Среди трубного рева они поднялись на площадку, где человек в вечернем костюме сыграл в честь гостей марш на рояле, после чего их повели в зал для приемов, заставленный рядами скамей и трибунами. Он несколько напоминал зал суда, да и на самом деле нередко служил для заседаний трибунала, где приговаривали какого-нибудь честолюбивого политика к высылке на неуютные острова, лежащие поодаль от берегов родины.

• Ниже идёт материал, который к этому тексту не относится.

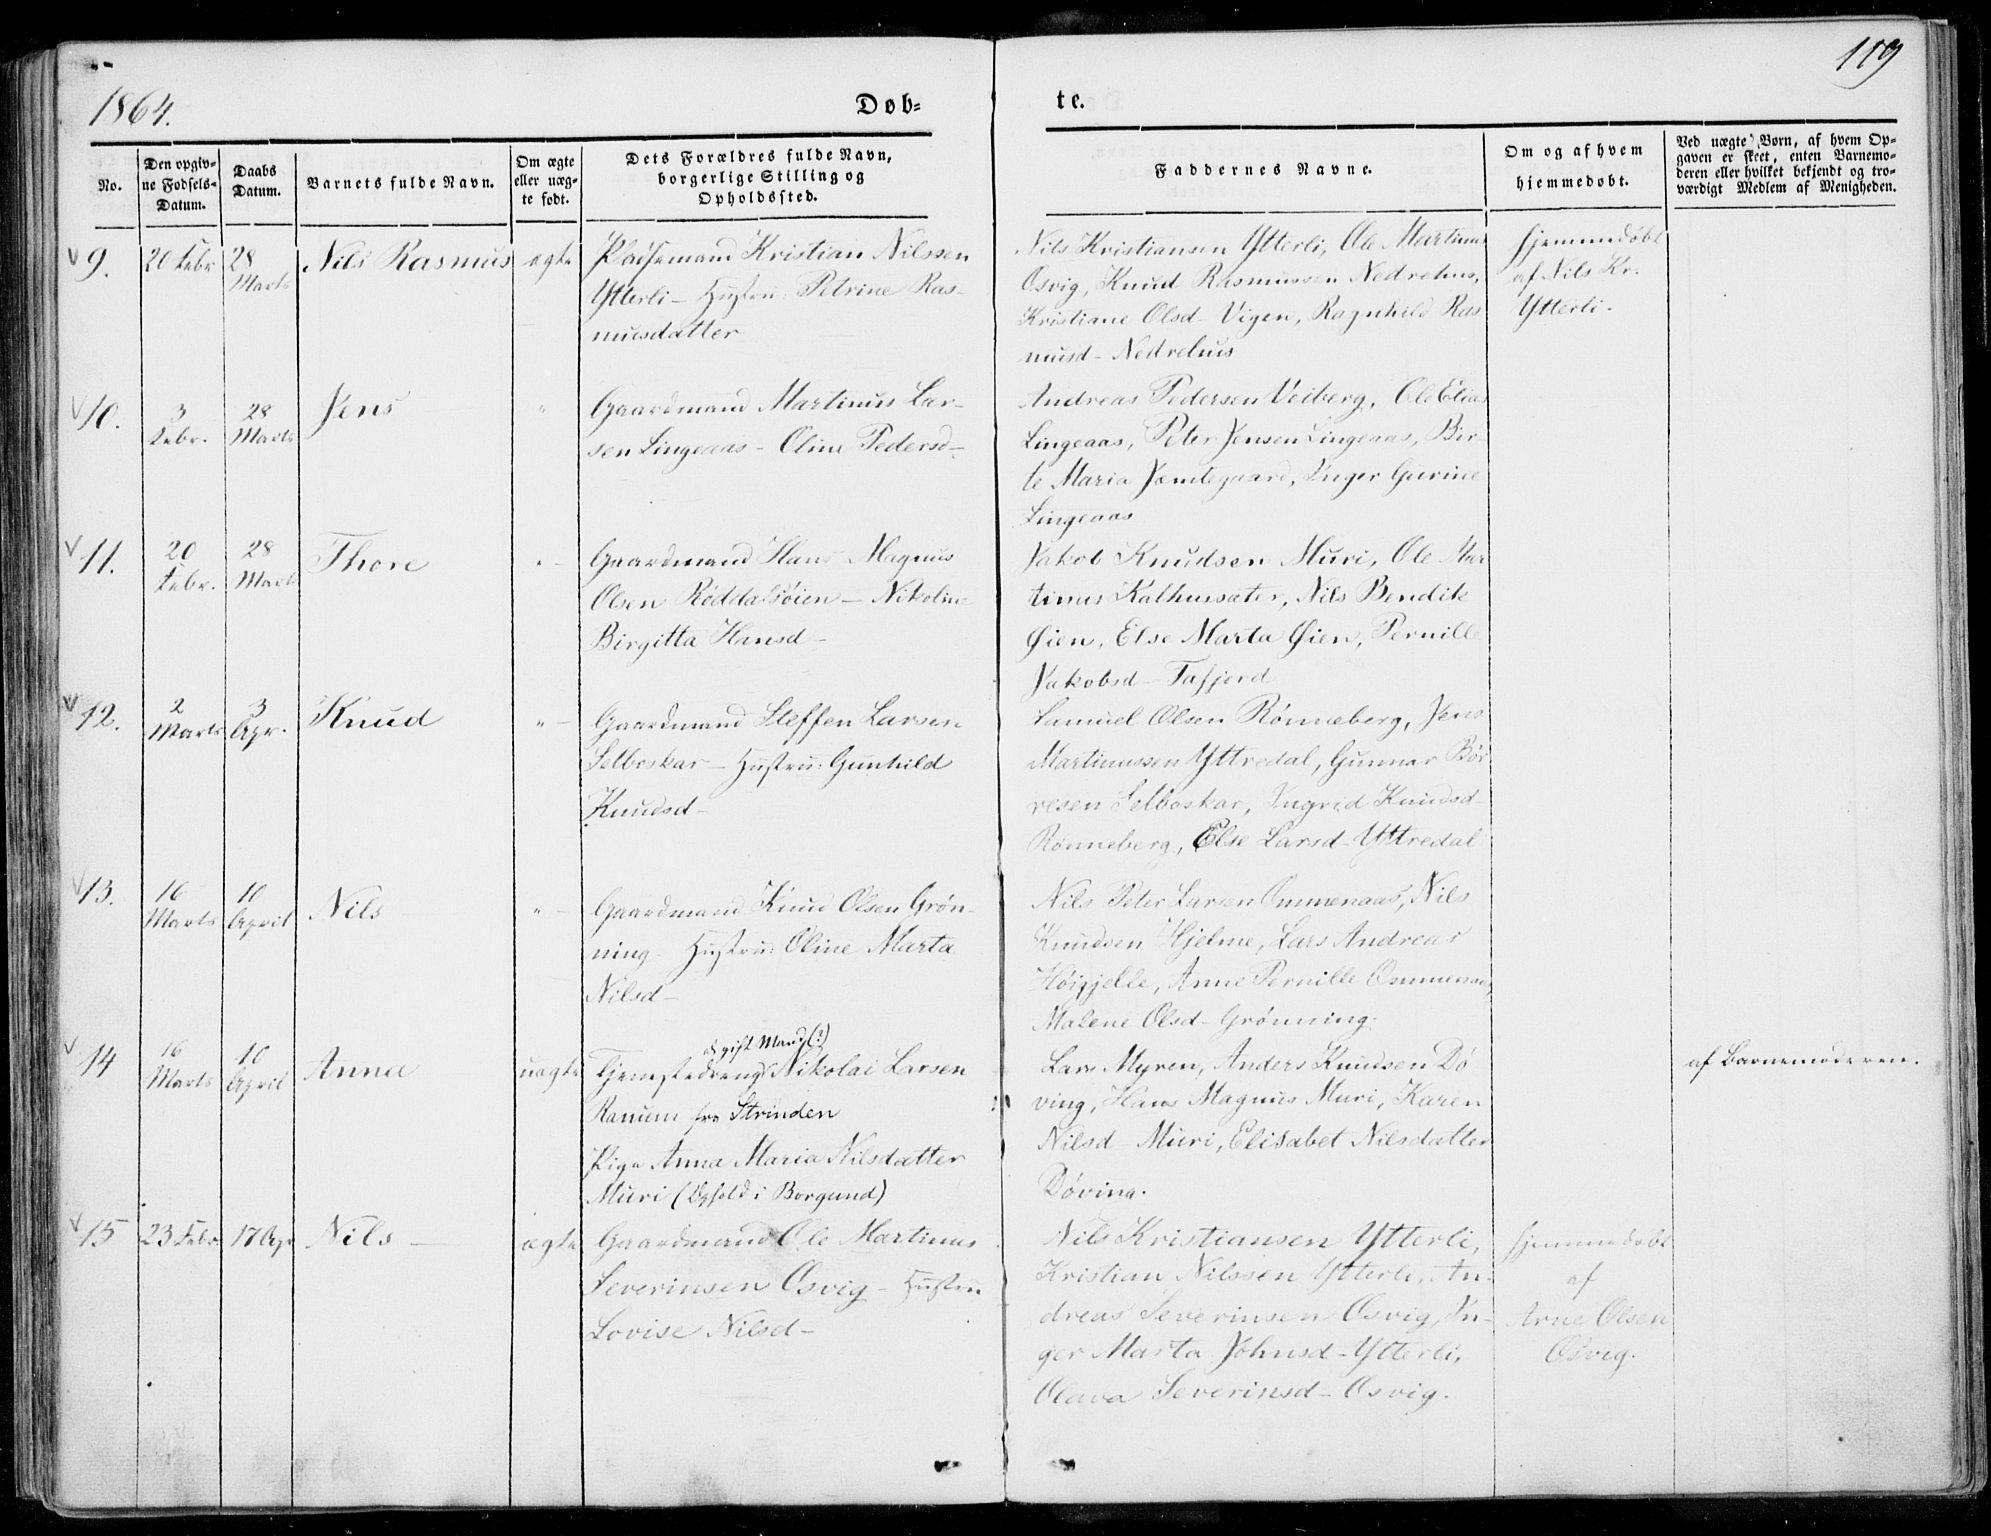 SAT, Ministerialprotokoller, klokkerbøker og fødselsregistre - Møre og Romsdal, 519/L0249: Ministerialbok nr. 519A08, 1846-1868, s. 119

Зал уже был полон. В центре на троне под балдахином восседал министр культуры и отдыха, мрачного вида молодой человек, потерявший большинство пальцев, забавляясь с бомбой еще в пору последней революции. Доктор Фе представил ему Скотт-Кинга и Уайтмейда. Министр одарил их жутковатой улыбкой и протянул искалеченную руку. Его окружало с полдюжины высокопоставленных чиновников, и доктор Фе представил каждого из них гостям. Почетные титулы, поклоны, улыбки, рукопожатия; потом Скотт-Кинга и Уайтмейда отвели в их собственный загон, где находились и другие гости, прибывшие на празднество, числом около дюжины. На красном плюшевом сиденье, предназначенном для каждого гостя, лежала кучка буклетов и программ.

— Не очень-то пригодно в пищу, — пробормотал Уайтмейд.

С лестницы донеслись звуки труб и литавр; прибыла еще одна, последняя группа гостей, которая также была представлена руководству; затем началась церемония.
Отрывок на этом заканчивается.